ENTRIES SHOWN |

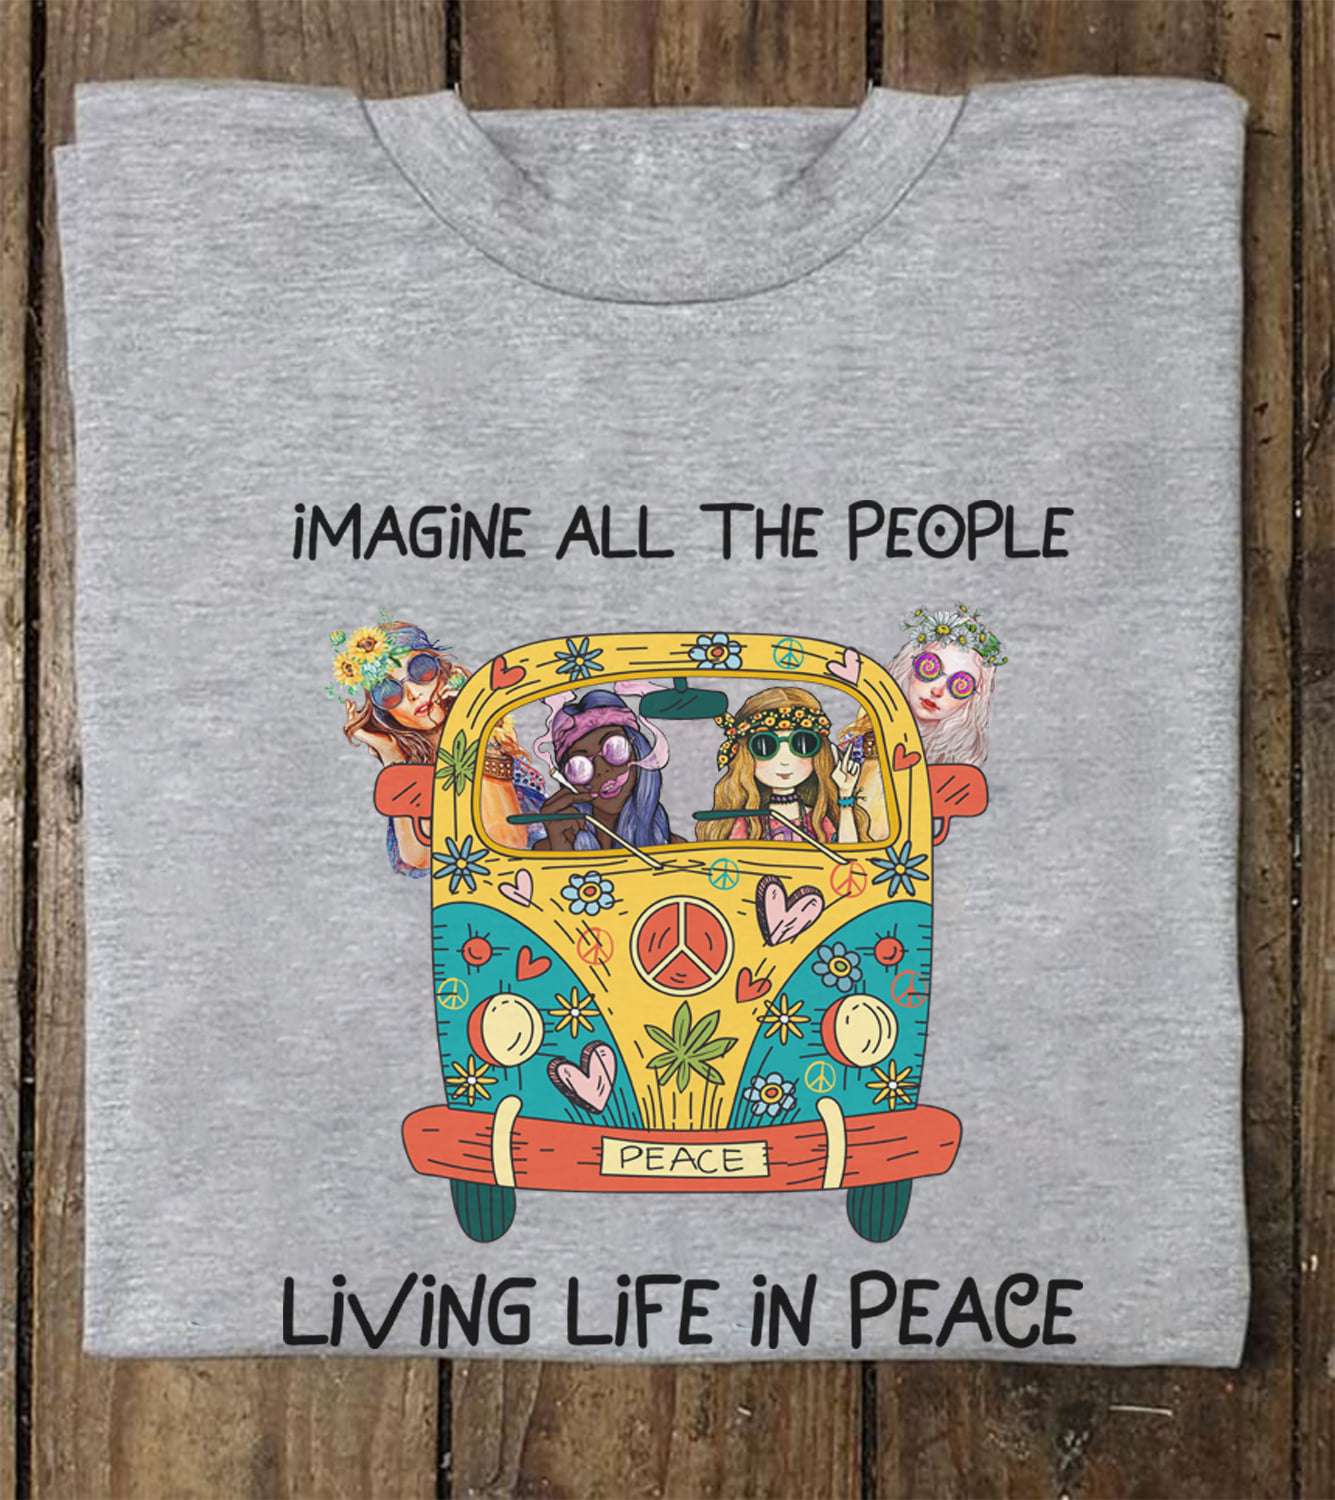 The Hippie Van - Imagine all the people living life in peace
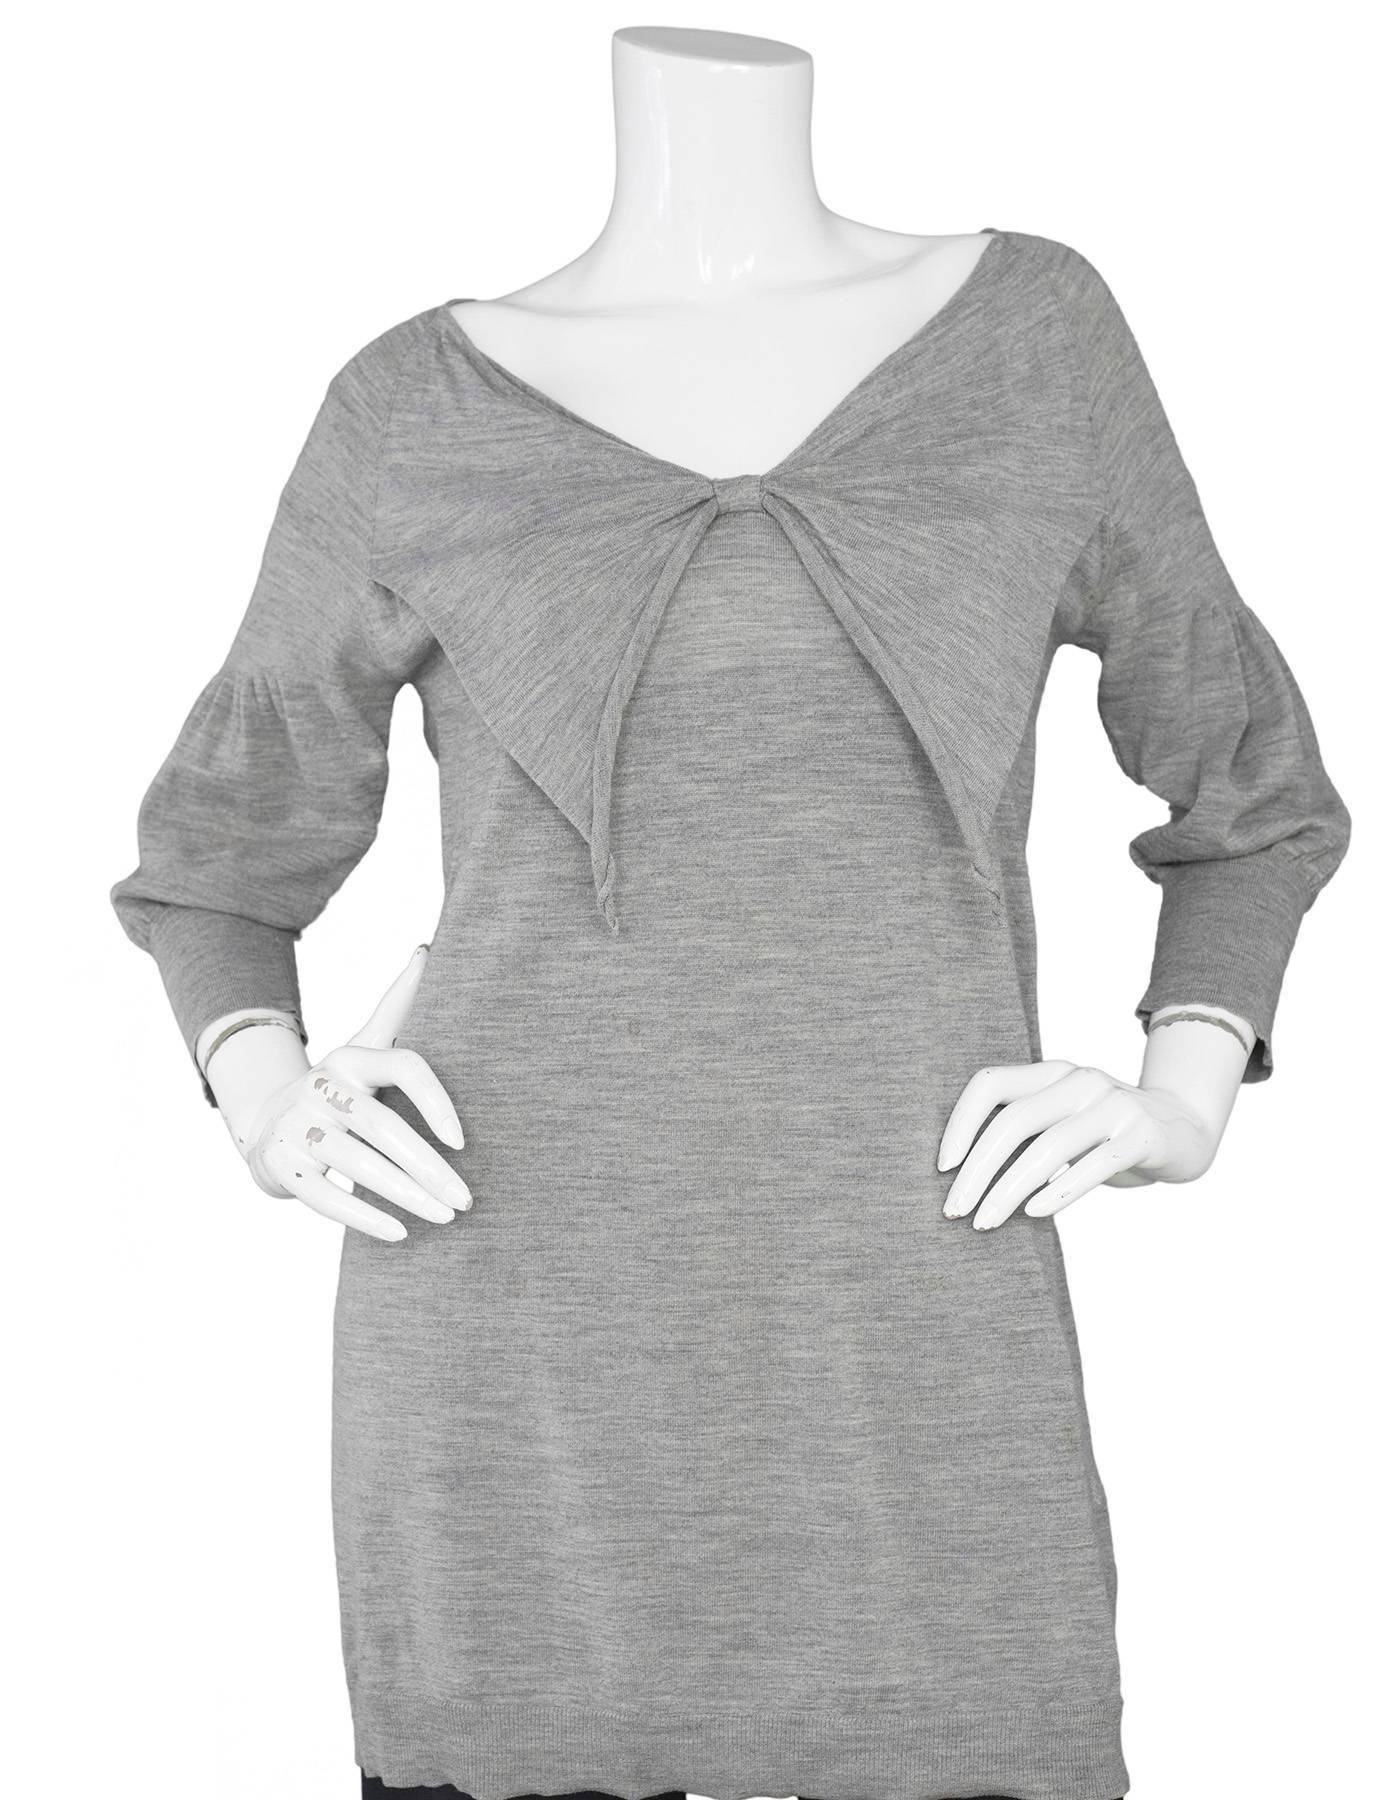 Miu Miu Grey Long Knit Tunic 
Features bow tied on front neckline

Made In: Italy
Color: Grey
Composition: Not given- believed to be a wool blend
Lining: None
Closure/Opening: Pull over
Exterior Pocket: None
Interior Condition: None
Overall

TASK DESCRIPTION | Your copy should match the data exactly, apart from the images, which are dropped.

WRITTEN SOLUTION |
 The Hippie Van - Imagine all the people living life in peace
 Miu Miu Grey Long Knit Tunic 
Features bow tied on front neckline

Made In: Italy
Color: Grey
Composition: Not given- believed to be a wool blend
Lining: None
Closure/Opening: Pull over
Exterior Pocket: None
Interior Condition: None
Overall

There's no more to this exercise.